Let the probability that some number $k$ selected be $p$, and the probability that $-k$ is selected be $1 - p$. Clearly only one of $k$ and $-k$ can be selected. Let the total number of points the student has, be $S$. Then the pair $(x, x)$ has a $p$ chance of contributing one point to $S$. $\newline$ $(x, y)$ has a $1 - (1- p)^2 = p(2-p)$ chance of contributing a point to $S$. $\newline$ $(x, -x)$ has a chance of $1$ to contribute a point to $S$. $\newline$ $(x, -y)$ has a chance of $1 - p(1 - p) = p^2 - p + 1$. $\newline$ $(-x, -x)$ has a chance of $1 - p^2$. $\newline$ Then the expected value of the highest number of points we get is $68\min(p, 1 - p^2)$, because we're only allowed to have one of $(k, k)$ and $(-k, -k)$. We set both equal to each other to get $p = 1- p^2$, so $p = \phi$, where $\phi = \frac{\sqrt{5} - 1}{2}$, which is greater than $42$(but less than $43$). This then implies that the maximum possible score the student can guarantee is $43$.

It suffices to find the minimum of the maximum scores over all configurations. Observe that the maximum score in a configuration is greater than or equal to the expected score if implementing a probabilistic method of choosing the integers. Define $k$ to be sigma if $(k,k)$ is a pair or if $(k,k), (-k,-k)$ are not pairs but $k > 0.$ So for every $n \in \mathbb{N}$, either $\pm n$ is sigma. For each $n \in \mathbb{N}$, we can either remove $n$'s or $-n$'s. Optimally, we remove all of a type. With this regard, let $p$ ($0 < p < 1$) be the probability of choosing the sigma variant. We compute the expected number of pairs that score.
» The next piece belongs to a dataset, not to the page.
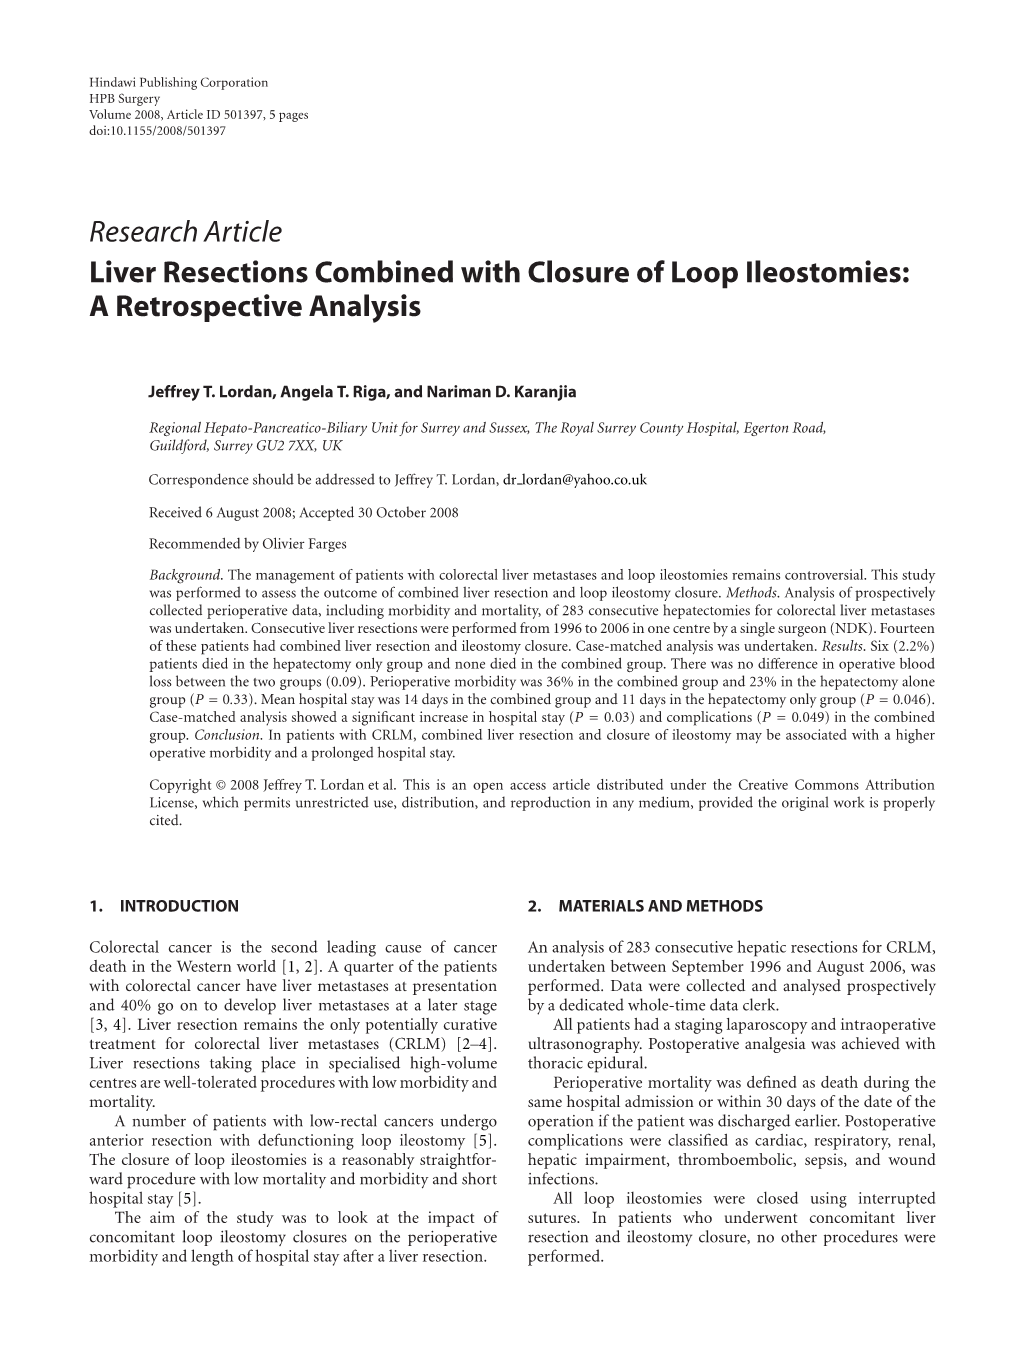 Liver Resections Combined with Closure of Loop Ileostomies: a Retrospective Analysis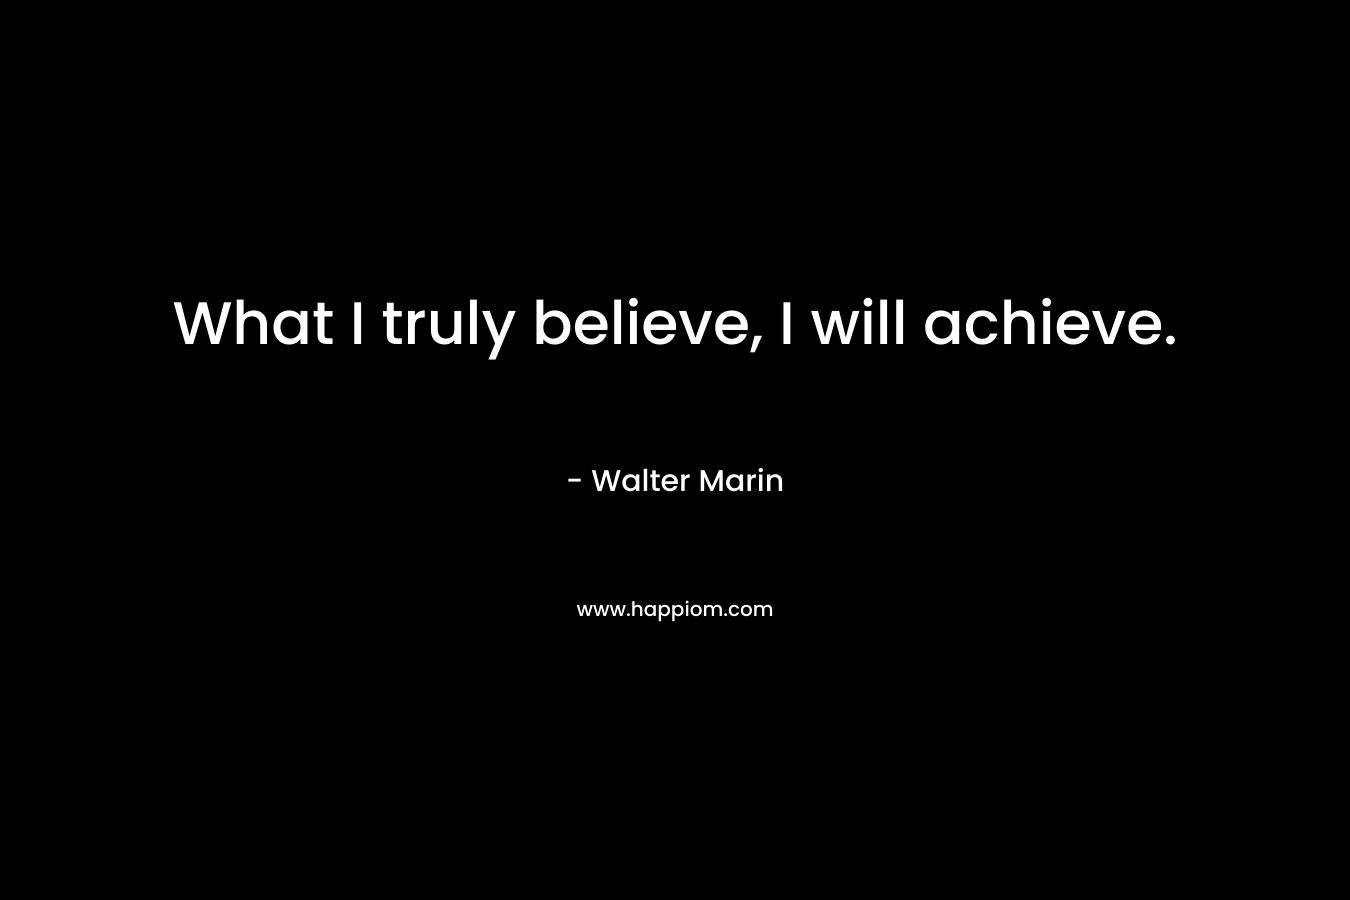 What I truly believe, I will achieve. – Walter Marin

Let the pair be $(a,b),$ \begin{itemize} \item If $a \ne b$, $a,b$ are sigma, the probability of being scored is $1 - (1-p)^2.$ \item If $a \ne -b$, WLOG $a$ is sigma, $b$ is not sigma, and the probability of being scored is $1 - p(1-p).$ \item If $a \ne b$, $a, b$ are not sigma, the probability of being scored is $1 - p^2.$ \item If $a = -b$, the probability of being scored is $1.$ \item If $a = b$, the probability of being scored is $p$. \end{itemize} To generalize, we seek the minimum values of all these probabilities (keeping in mind this minimum should be maximized to have a strong lower bound for the answer). Observe, \begin{align*} 1 - (1-p)^2 - p &> 1 - (1-p) - p = 0 \\ 1 - p(1-p) - p &> 1 - (1 - p) - p = 0. \end{align*}So the minimum is between $p, 1 -p^2$, maximized at their equality. Solving, we get $p = \frac{1}{2}[-1 + \sqrt{5}].$ So the expected score is, $\ge 68p > 42.$ Hence the guaranteed score is $\ge 43.$ We claim that this is the maximum possible score that he can guarantee. Consider the following construction: Five pairs of $(i, i)$ for $1 \le i \le 8$ and $(-i, -j)$ for $1 \le i < j \le 8.$ There are $40 + 28 = 68$ pairs total. Observe that for $i = 1, 2$ it is optimal to choose $-i$ as it will take $7, 6$ pairs respectively over $5$ from the positive variant. For the rest, it is optimal to choose the positive variant. Hence overall, the maximum score is $5 \cdot 6 + 7 + 6 = 43.$ This proves the lower bound above is maximal. How do I itemize in AoPS?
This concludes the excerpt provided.